The other members of the panel were the pollster James Johnson and Sebastian Payne, who has stood as a Tory parliamentary candidate in a number of constituencies, most recently Surrey Heath. He did his first ever Sky News press preview with me, nine or ten years ago. He went on to become a political journalist and then to run a right-wing think-tank. Quite a few of the young men I’ve been asked to shepherd through first TV appearances now seem to be bastions of the establishment. Their confidence has been quite a thing to see.
And then there was me.
The others, it was clear, have been following every twist and turn of the election. I, to be honest, haven’t. Perhaps I should have watched every interview and every debate and every clip of Sunak sounding petulant and Starmer sounding stolid and Farage sounding – well, like the man with the gift of the gab who is never responsible for anything, ever. Perhaps I should have, but a) I have a life and b) I find it all rather depressing.
I can’t remember many of the questions now. I do remember forgetting what I was going to say, saying I’d now remembered it and then forgetting it again. Not ideal, but I just laughed. I’ve been doing this kind of thing long enough to be relaxed about it now. And no one was going to vote me out of a job as a result.
(I am not, by the way, relaxed about all public speaking. I had to give a 45-minute after-dinner speech at a literary festival at the weekend. I accepted because I thought it sounded like fun until it struck me that I was meant to be the fun. Your one job in an after-dinner speech is to be entertaining. No Powerpoint. No script. Just you and your words and, people hope, your wit. I don’t think I’ll be rushing to do it again.)
The question I do remember was about Rishi Sunak. Was the Tories’ looming disaster his fault? Yes, said James, he was hopeless. No, said I, who was, I gathered from the producer’s text, literally brought on to slag off Sunak and the Tories.

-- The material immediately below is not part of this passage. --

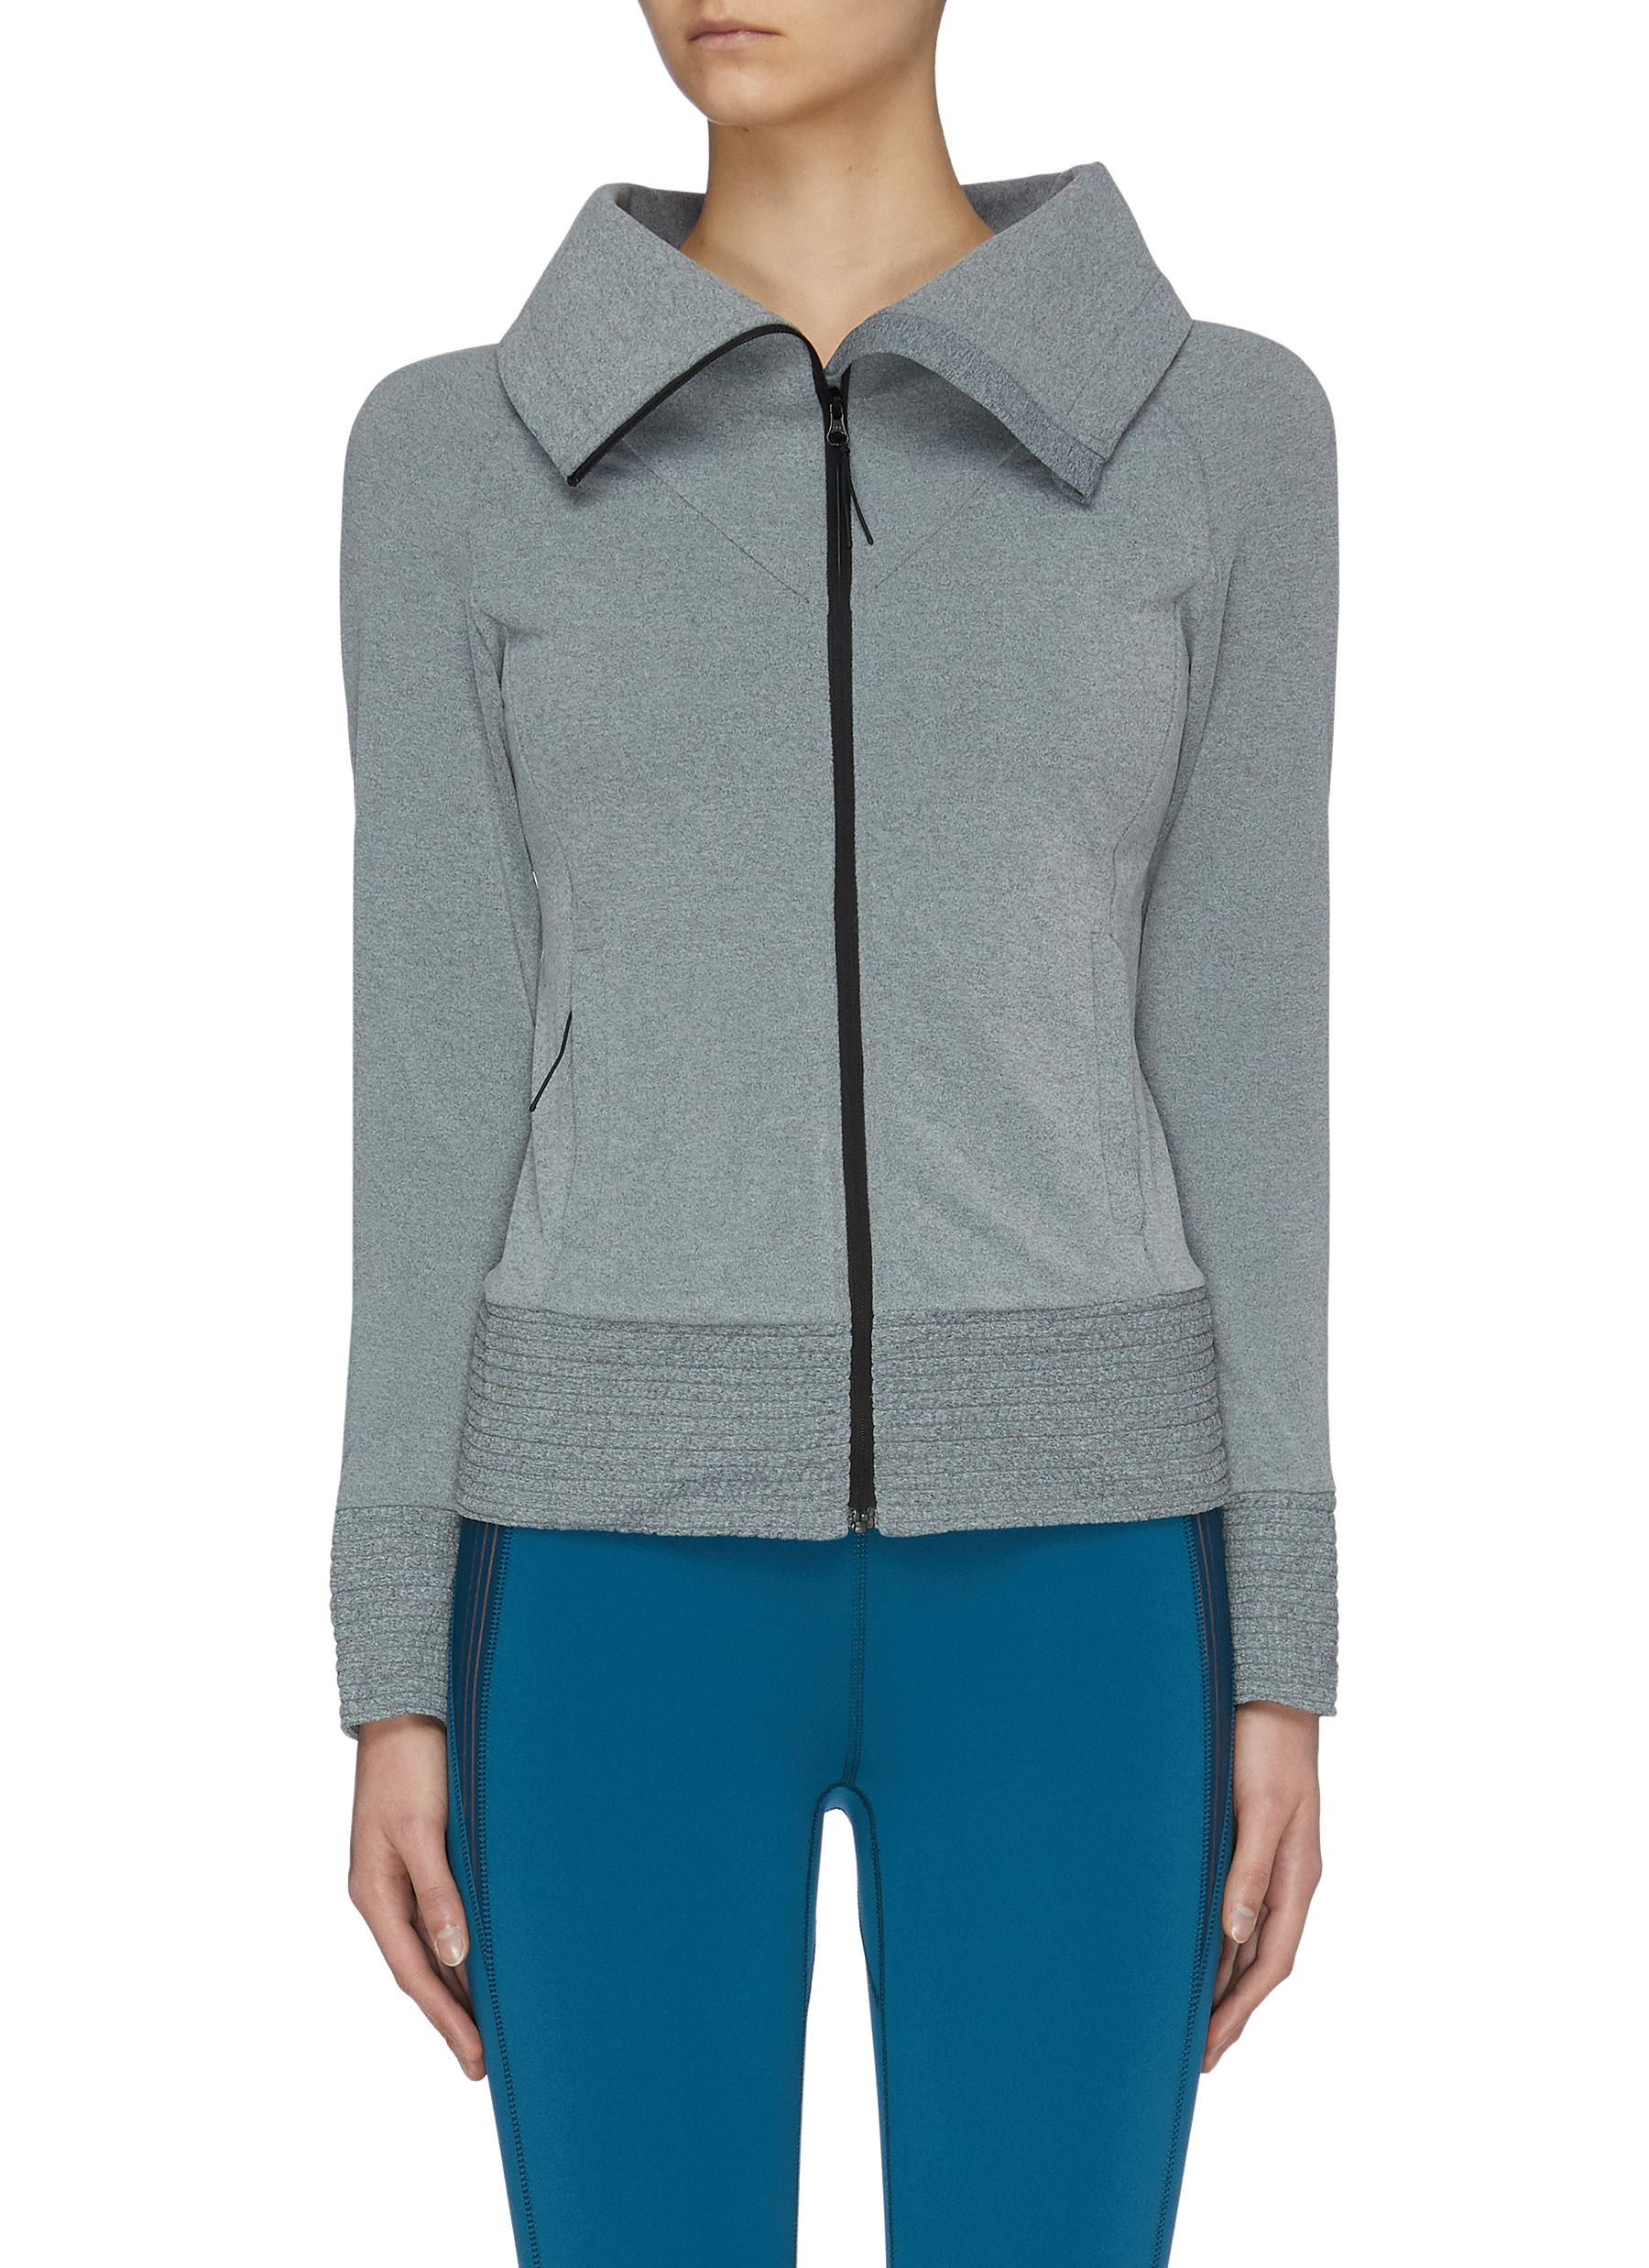 shop Particle Fever High Neck Fleece Jacket online

It was David Cameron’s fault, I said, for holding a referendum for entirely political reasons that split the nation and made us poorer. It was Theresa May’s fault for thinking she could square a circle that could never be squared. It was Boris Johnson’s fault for – well, where do we start? For offering golden unicorns, for lying about Brexit and about Northern Ireland, for having parties and lying about them, and about pretty much everything else. It was Liz Truss’s fault for – how do I put this? – being a maniac. And it was Rishi Sunak’s fault for being naïve about politics and useless at the game. But he was probably the one who should be blamed least.
I am, I realised as I said this, sick of it. I’m sick of it all. I’m glad we’ll have a new government in a couple of weeks. I think they’ll be better than the current lot. I think Keir Starmer is probably a decent man, though he appears to have changed his mind about an awful lot. He would probably say that this was what he had to do to get power, and without power you can’t do anything. That’s probably true, but he needs, to use the jargon, to have a better story to tell.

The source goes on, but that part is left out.